Less effective: run a real campaign and talk about the issues.

Those last couple strategies are, granted, nearly impossible. Candidates for Supreme Court – for good reason – are not supposed to join political parties,   comment on any case or issue likely to come before the court or personally solicit contributions.

No wonder almost all of them have, essentially, asked our legislators for tax dollars to run their campaigns – and, if Gov. Doyle really does sign the so-called Impartial Justice Act – might just get them.

The question now is whether any judge who wants to win, or have any chance at all of defining himself or herself, will actually use them. And whether even those of us disillusioned with who gets onto our highest court, and how, should really want them to.

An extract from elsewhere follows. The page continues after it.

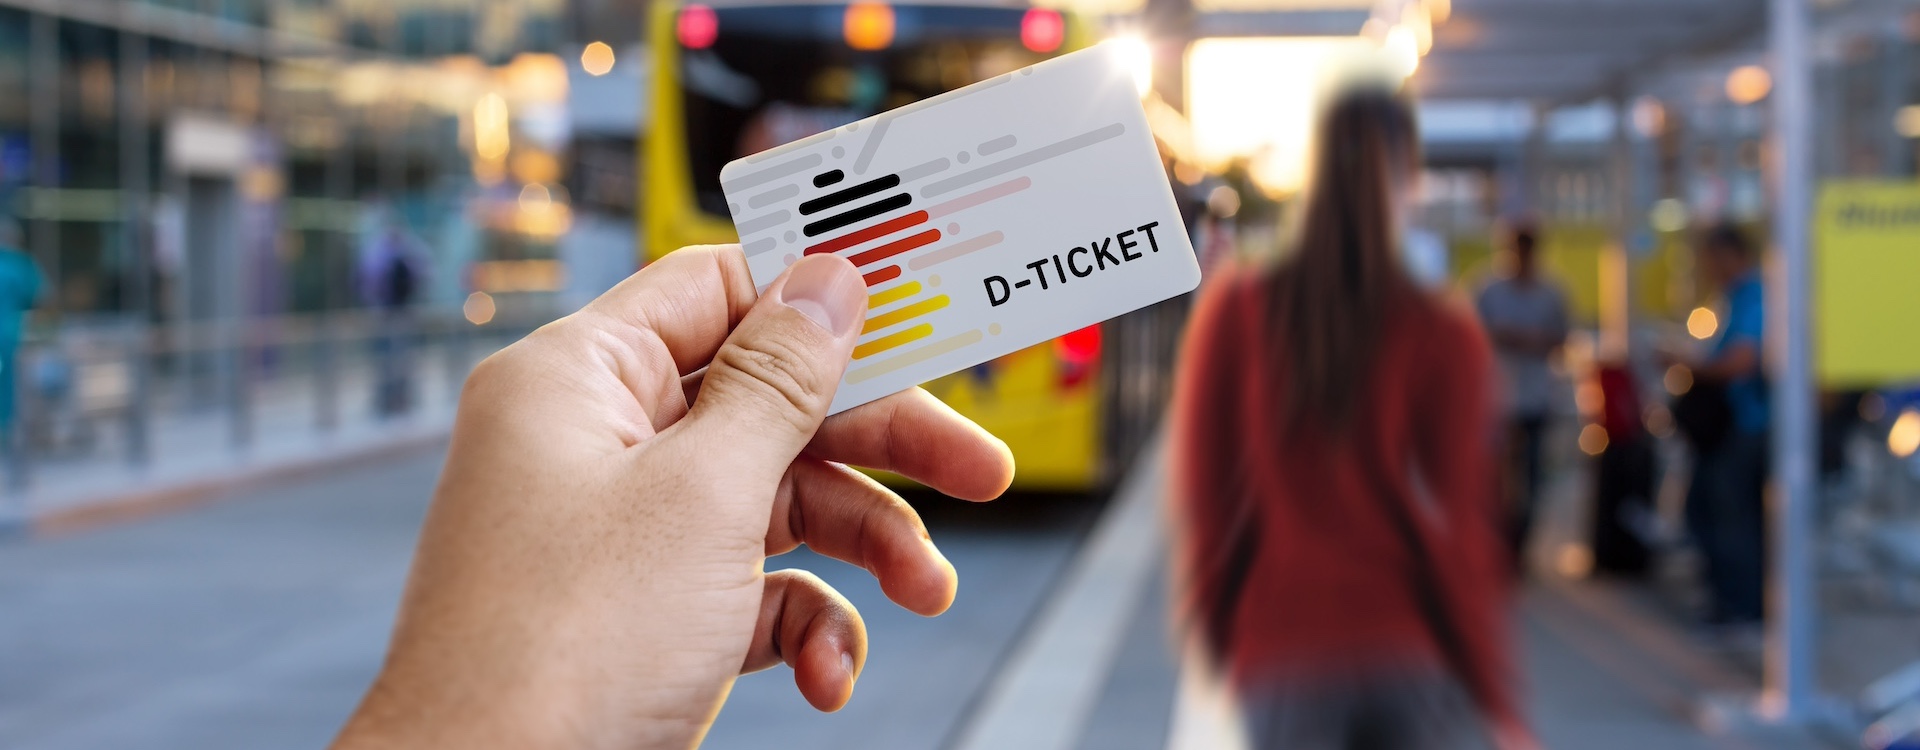 D-Ticket

There is ample reason to believe taxpayers would resent being forced to give millions to lawyers running for the bench.  As I point out in an upcoming story about the old Wisconsin Election Campaign Fund in Wisconsin Interest (WPRI’s magazine),a 2006 WPRI poll found that 65% of Wisconsinites oppose using tax dollars to finance political campaigns. There might be more support for funding Supreme Court races but that’s far from certain. The percent of taxpayers checking that little campaign donation box on their tax form has decreased from 20% in 1979 to less than 5% last year, after all.

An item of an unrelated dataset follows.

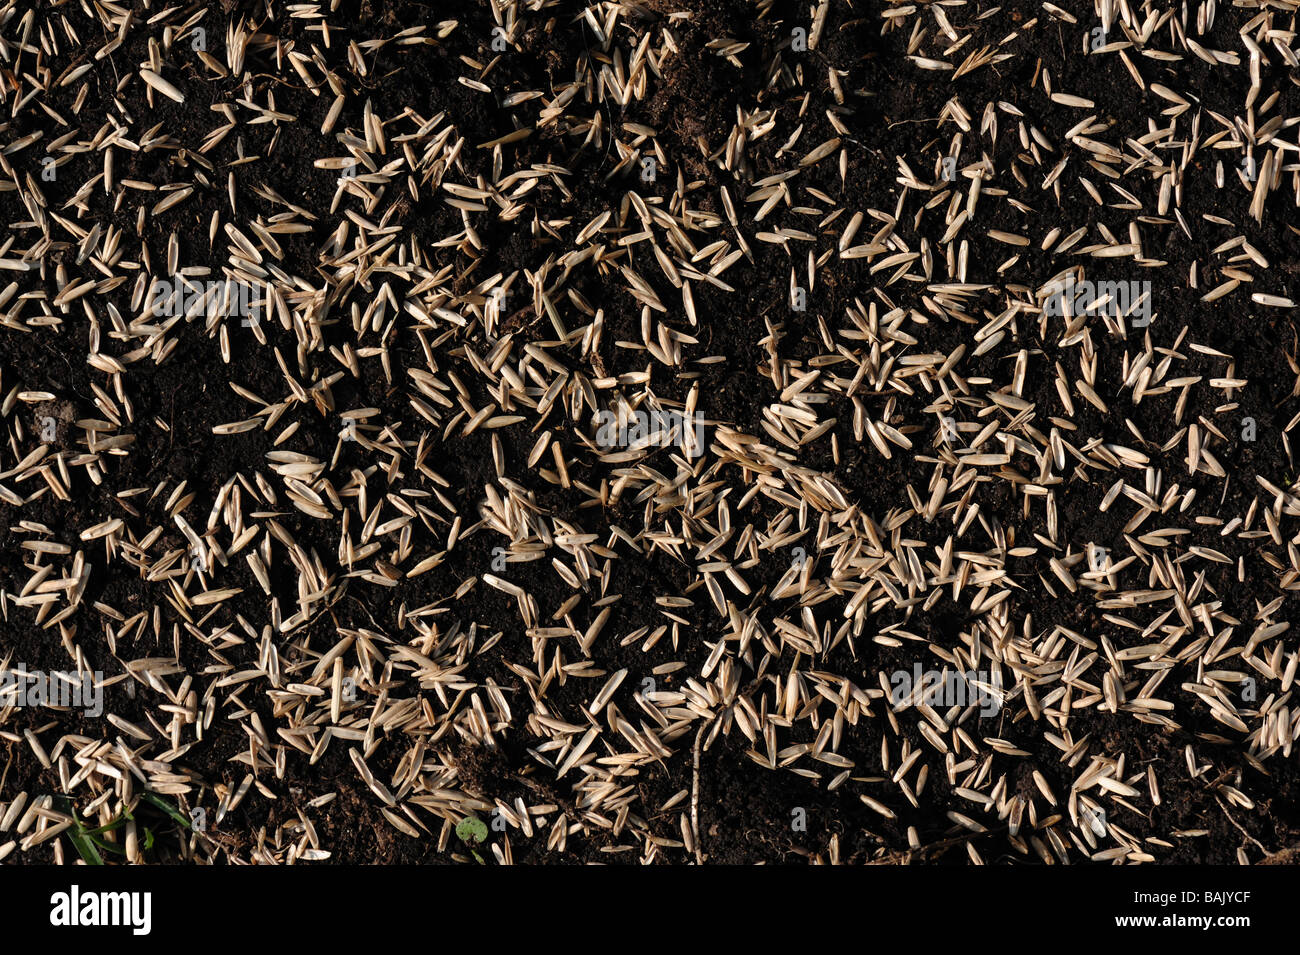 Prato sementi da prato una miscela di loglio inglese sparsi sul suolo Foto Stock

Legislators have proposed increasing the $1 check-off to $3, and want to give most of the money to the new Democracy Trust Fund for Supreme Court candidates. The truth is, though, most of the funding for Supreme Court races will almost certainly come directly from the state’s general fund, where it is currently used for other things.

Still, this is not principally a question of money. It is a question of whether better funding will result in better justice – or justices.

Mike Ellis, the Republican state senator from Neenah and campaign finance reform advocate, was blunt when I called and asked him why he voted against the Impartial Justice legislation.

“It’s a piece of (excrement),” replied the veteran lawmaker.
Candidates who sign up for public financing will initially be given $100,000 for a primary and $300,000 for a general election. They can receive an additional $900,000 in the general election if an opponent starts spending gobs of privately raised cash and can get even more money if third-party groups start targeting them. One of Ellis’ big criticisms is that those third parties can spend way over twice as much as a candidate taking a public grant before that candidate is eligible for additional public money to defend himself –  “a huge disincentive to take” public dollars in the first place, Ellis believes. The only ones who will agree to take the public money in races where spending by candidates and other groups can reach $5 million or $6 million, in other words, may well be those doomed to lose.

The old Wisconsin Election Campaign Fund (which gives small amounts of tax dollars to legislators and others in the state) is a very different animal than what is being proposed now for Supreme Court candidates. But it suffers from the very thing Ellis foresees for the Democracy Trust Fund. It is used only by those who don’t really have a chance of winning, or those who are in no real danger of losing.
There should be another concern, though.

The Impartial Justice Act limits the size of private donations to candidates who don’t take the public money. Committees and individuals who can currently donate $8,000 or $10,000 will only be able to contribute $1,000.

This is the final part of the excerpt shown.